Now we would like to investigate whether posts created at a certain time are more likely to attract users to make commments.

In [21]:
import datetime as dt 

result_list = []

for post in ask_posts:
    time_comment = [post[6], int(post[4])]
    result_list.append(time_comment)
    
counts_by_hour = {}
comments_by_hour = {}

for row in result_list:
    date_str = row[0]
    date_time = dt.datetime.strptime(date_str, "%m/%d/%Y %H:%M")
    hour_str = dt.datetime.strftime(date_time, "%H")
    
    if hour_str not in counts_by_hour:
        counts_by_hour[hour_str] = 1
        comments_by_hour[hour_str] = row[1]
    else:
        counts_by_hour[hour_str] += 1
        comments_by_hour[hour_str] += row[1]

avg_hour = []

for key in comments_by_hour:
    avg_comments_hour = comments_by_hour[key] / counts_by_hour[key]
    avg_hour.append([key,avg_comments_hour])    

for i in avg_hour:
    print(i)

['09', 5.5777777777777775]
['13', 14.741176470588234]
['10', 13.440677966101696]
['14', 13.233644859813085]
['16', 16.796296296296298]
['23', 7.985294117647059]
['12', 9.41095890410959]
['17', 11.46]
['15', 38.5948275862069]
['21', 16.009174311926607]
['20', 21.525]
['02', 23.810344827586206]
['18', 13.20183486238532]
['03', 7.796296296296297]
['05', 10.08695652173913]
['19', 10.8]
['01', 11.383333333333333]
['22', 6.746478873239437]
['08', 10.25]
['04', 7.170212765957447]
['00', 8.127272727272727]
['06', 9.022727272727273]
['07', 7.852941176470588]
['11', 11.051724137931034]


In [22]:
swap_avg_by_hour = []

for row in avg_hour:
    swap_avg_by_hour.append([row[1],row[0]])

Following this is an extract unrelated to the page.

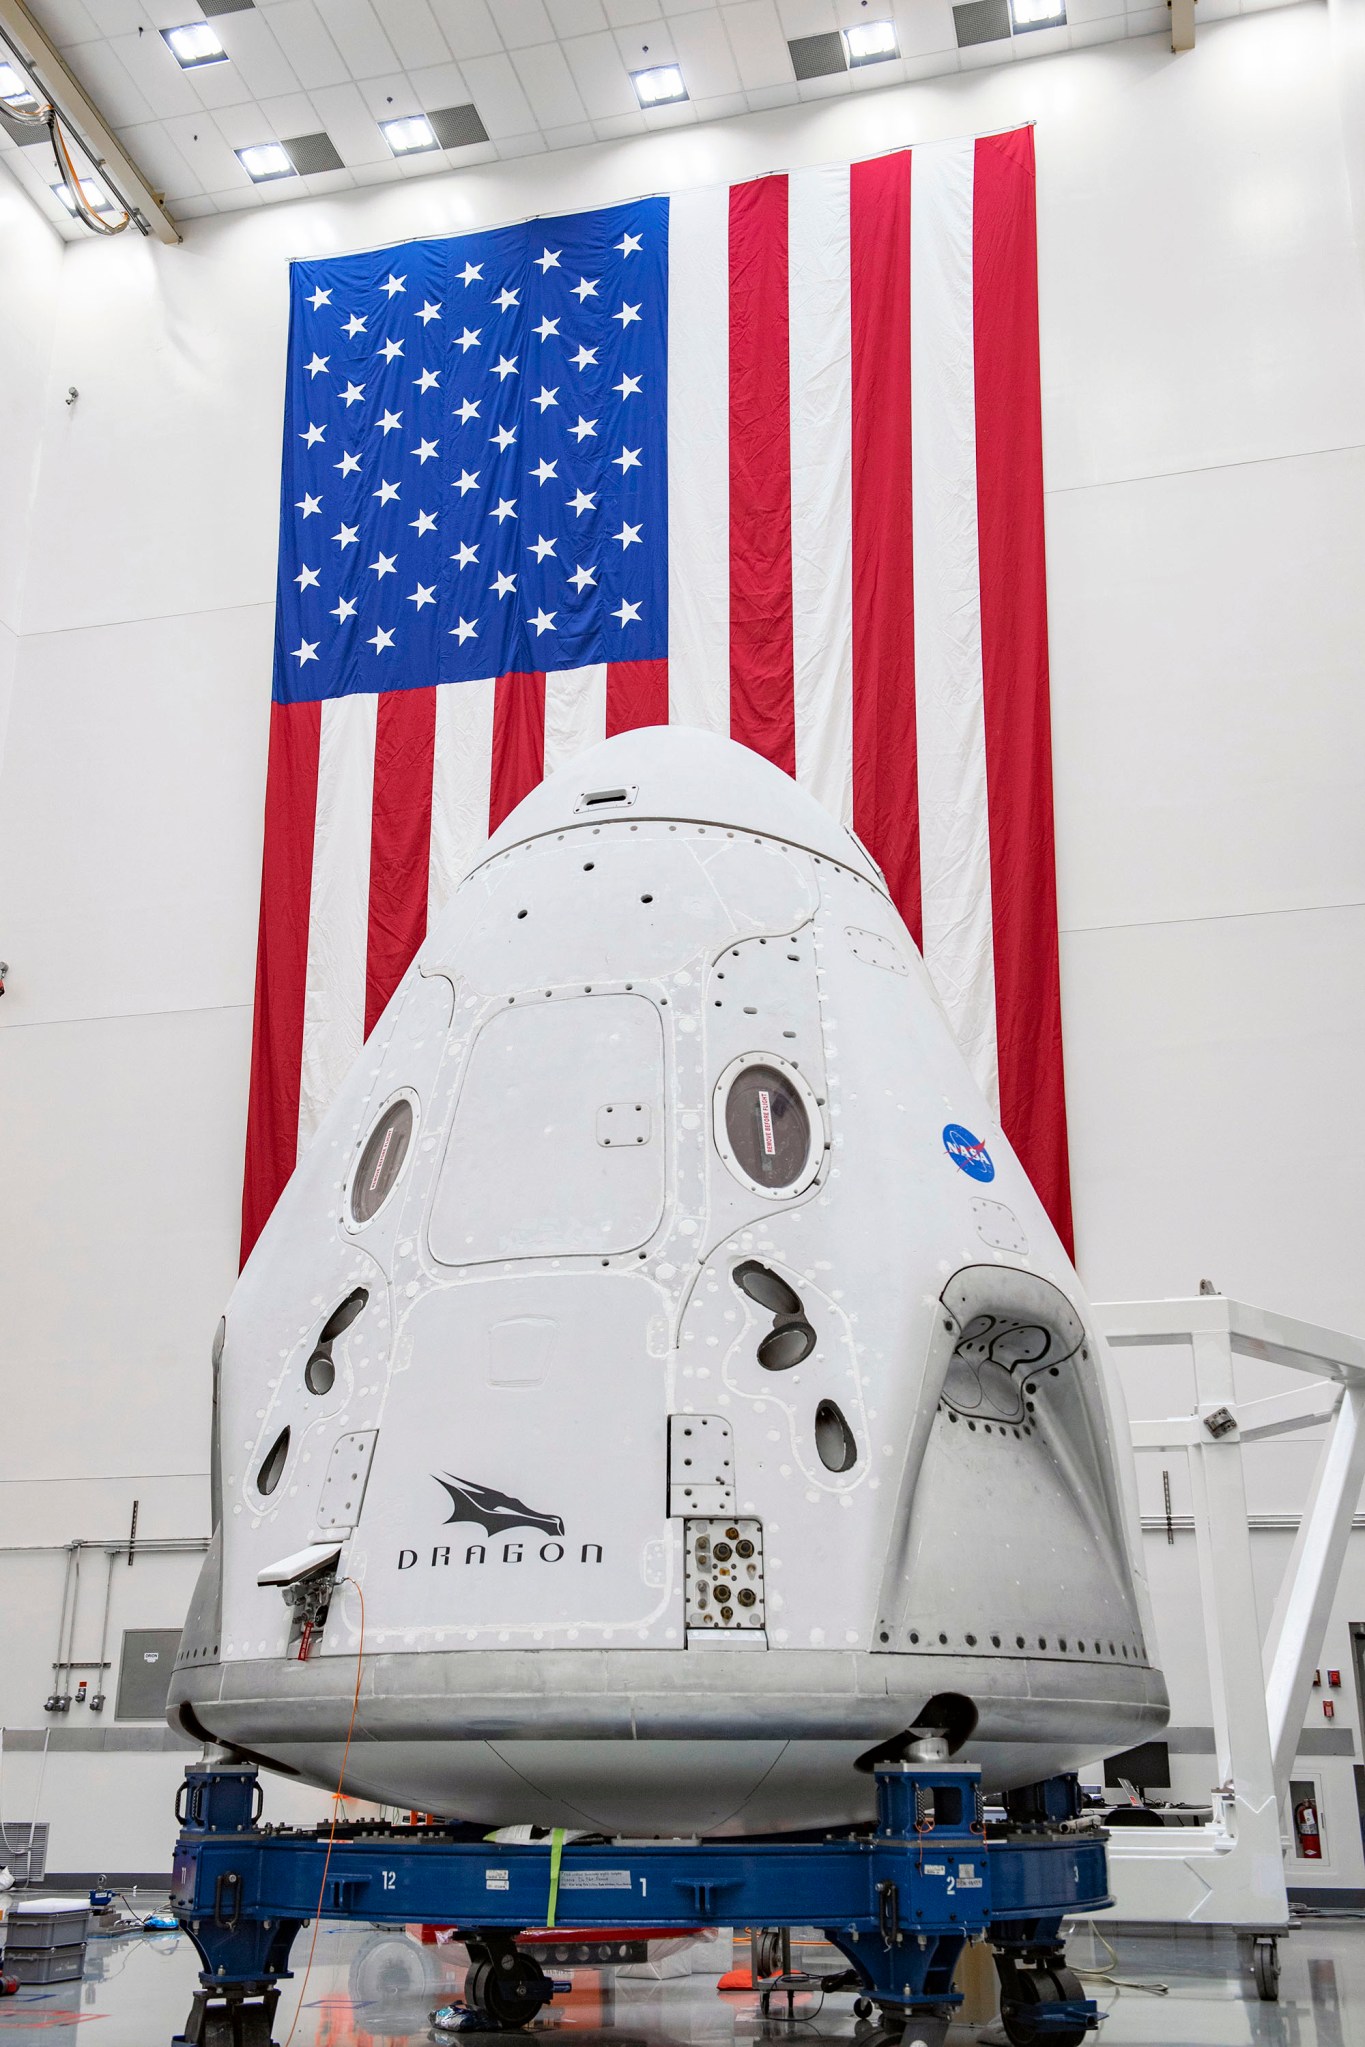 The SpaceX Crew Dragon spacecraft undergoes final processing at Cape Canaveral Air Force Station, Florida, in preparation for the Demo-2 launch with NASA astronauts Bob Behnken and Doug Hurley to the International Space Station for NASA’s Commercial Crew Program.

sorted_avg_hour = sorted(swap_avg_by_hour,reverse = True)

print('Top 5 hours to ask posts comment')
for_str = "{}:00: {:.2f} average comments per post."

for row in sorted_avg_hour[0:5]:
    print(for_str.format(row[1],row[0]))

Top 5 hours to ask posts comment
15:00: 38.59 average comments per post.
02:00: 23.81 average comments per post.
20:00: 21.52 average comments per post.
16:00: 16.80 average comments per post.
21:00: 16.01 average comments per post.